1. Feb 27, 2005

### andrew410

The resistance of a superconductor. In an experiment carried out by S. C. Collins between 1955 and 1958, a current was maintained in a superconducting lead ring for 2.50 yr with no observed loss. If the inductance of the ring was 4.44*10^(-8) H, and the sensitivity of the experiment was 1 part in 10^9, what was the maximum resistance of the ring? (Suggestion: Treat this as a decaying current in an RL circuit, and recall that e^(-x) = 1-x for small x.)

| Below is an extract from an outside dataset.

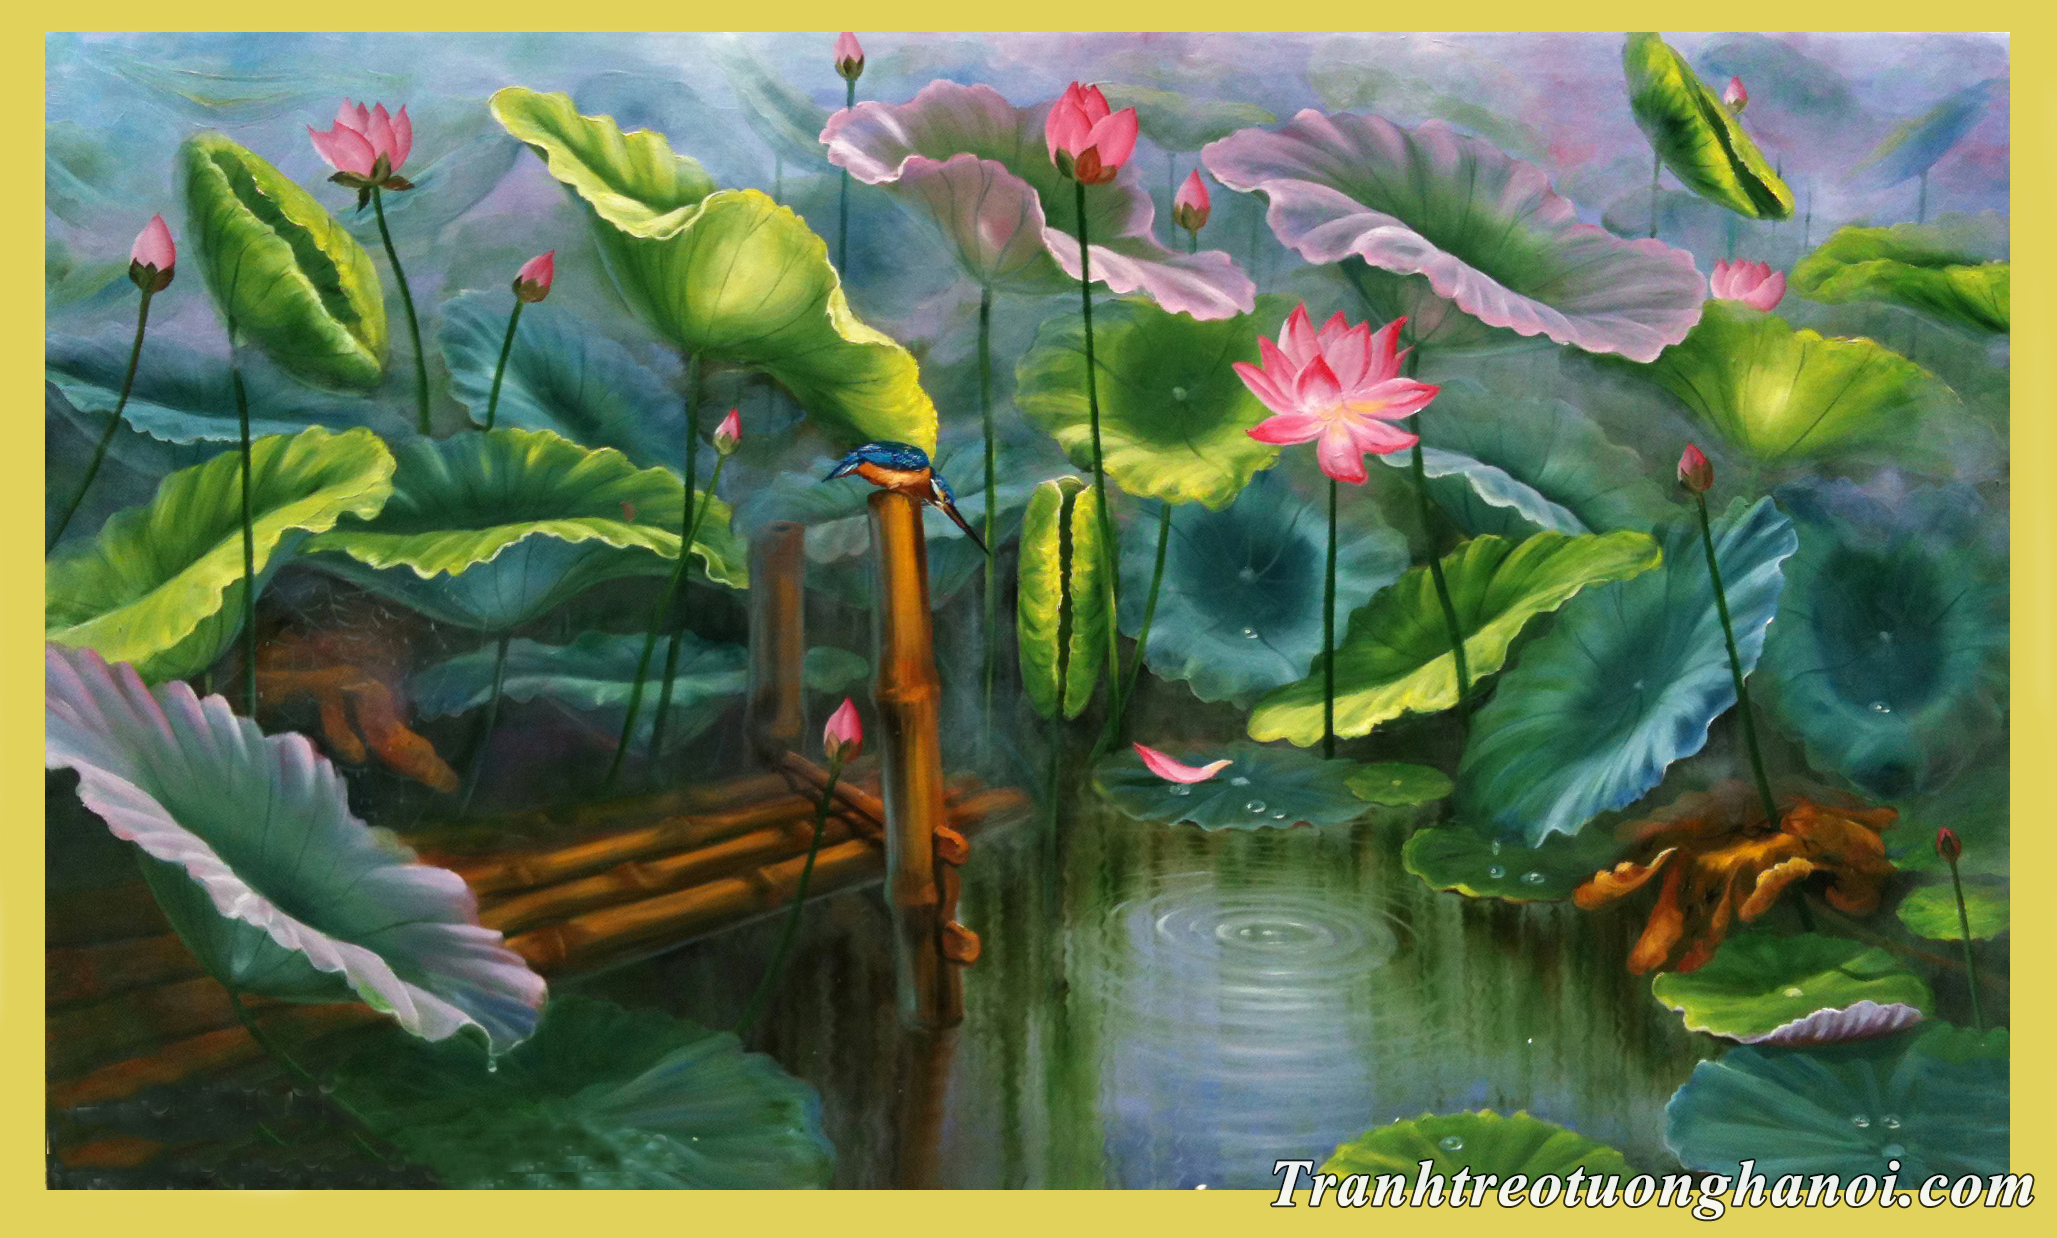 Buc tranh ve hoa sen ao lang voi chu chim boi ca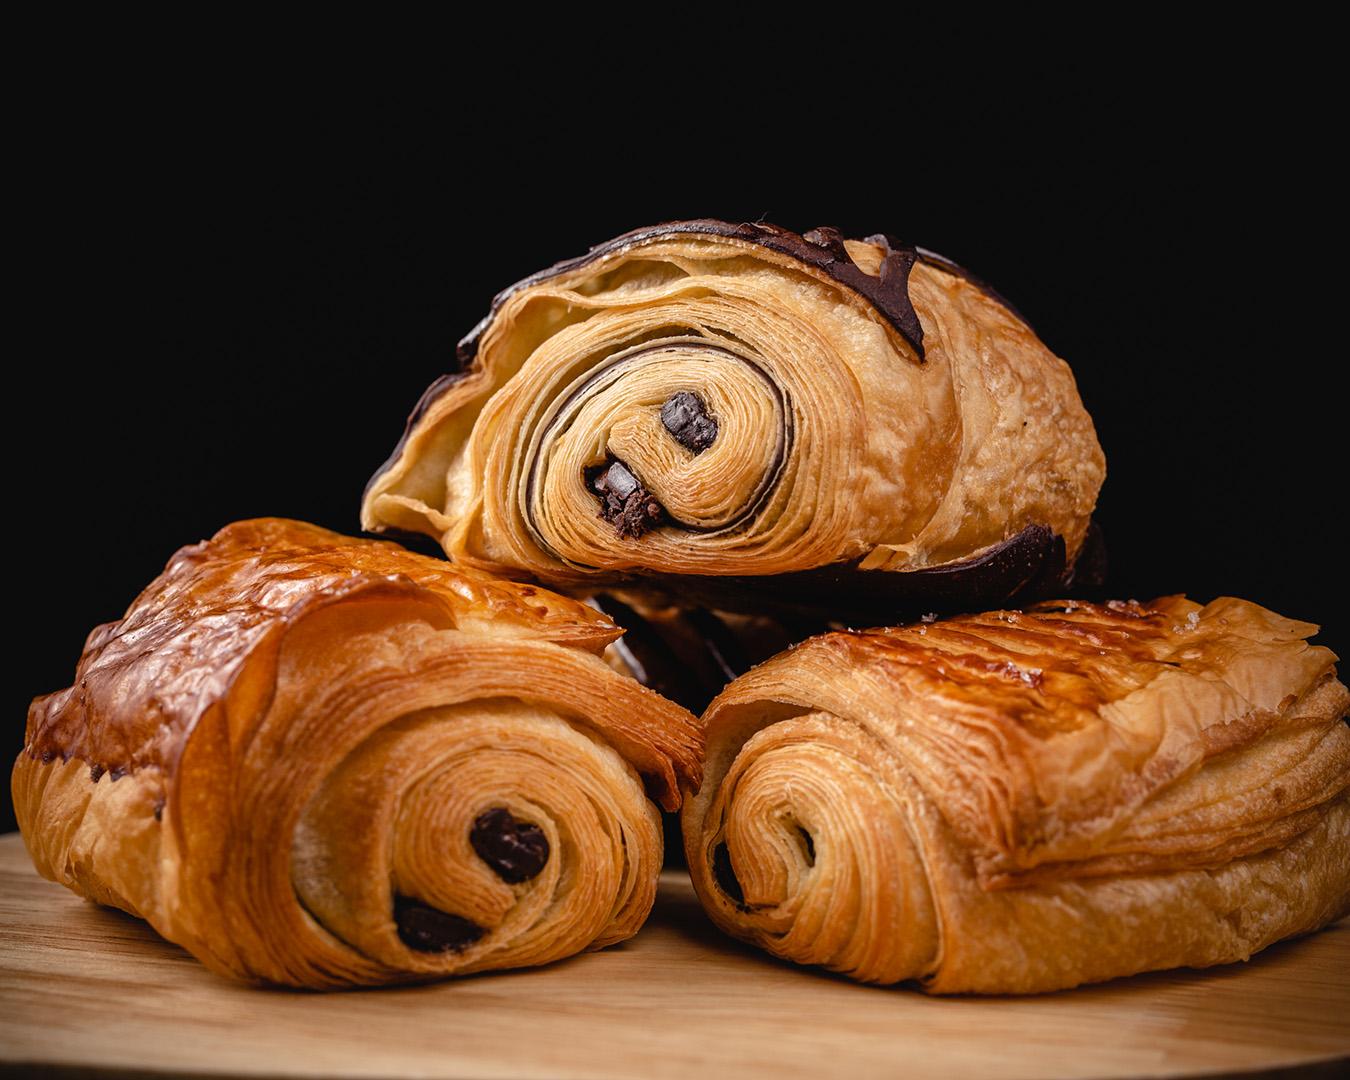 Saint Germain – Boulangerie – Patisserie

I know that I = ((emf)/R)*(1-e^(-Rt/L)). How do I get the maximum resistance from this? Also, what does the sensitivity of the experiment mean?
Any help would be great! thx in advance!

2. Feb 28, 2005

### vincentchan

use $$I(t) = I_0 e^{-Rt/L}$$ instead, as the problem suggested, for small x, e^(-x) = 1-x
$$I(t) = I_0 (1-Rt/L))$$
$$I_0 - I(t) = Rt/L$$
the sensitivity is 1 part in 10^9 implies
$$\frac{I_0-I(t)}{I_0} < 10^{-9}$$
the rest is simple algebra

3. Feb 28, 2005

### andrew410

so,
$$R = \frac{L} {t}(1-\frac{I} {I_0})$$
and $$\frac{I} {I_0} < 10^{-9}$$.
Do I substitute $$\frac{I} {I_0}$$ with 1^(-9)?

4. Feb 28, 2005

### vincentchan

NOOOOOOOOOOOOOOOOOOOOOOOOOOOOOOOOO!
you substitute the whole $$\frac{I_0-I} {I_0}$$ with 10^-9

5. Feb 28, 2005

### vincentchan

wait a minute, where did $$R = \frac{L} {t}(1-\frac{I} {I_0})$$ came from????
The unit is not even correct.... how did you get this?

6. Feb 28, 2005

### andrew410

$$I(t) = I_0 e^{-Rt/L}$$
$$I(t) = I_0 (1-Rt/L)$$
$$\frac{I(t)}{I_0} = 1-Rt/L$$
$$\frac{Rt} {L} = 1-\frac{I} {I_0}$$
$$R = \frac{L} {t}(1-\frac{I} {I_0})$$

am I wrong?
and then
$$\frac{I_0-I} {I_0}$$
simplifies to $$-\frac{I} {I_0}$$ so $$-\frac{I} {I_0}<10^{-9}$$

Last edited: Feb 28, 2005
7. Feb 28, 2005

### vincentchan

oh yeah, you are right, my mistake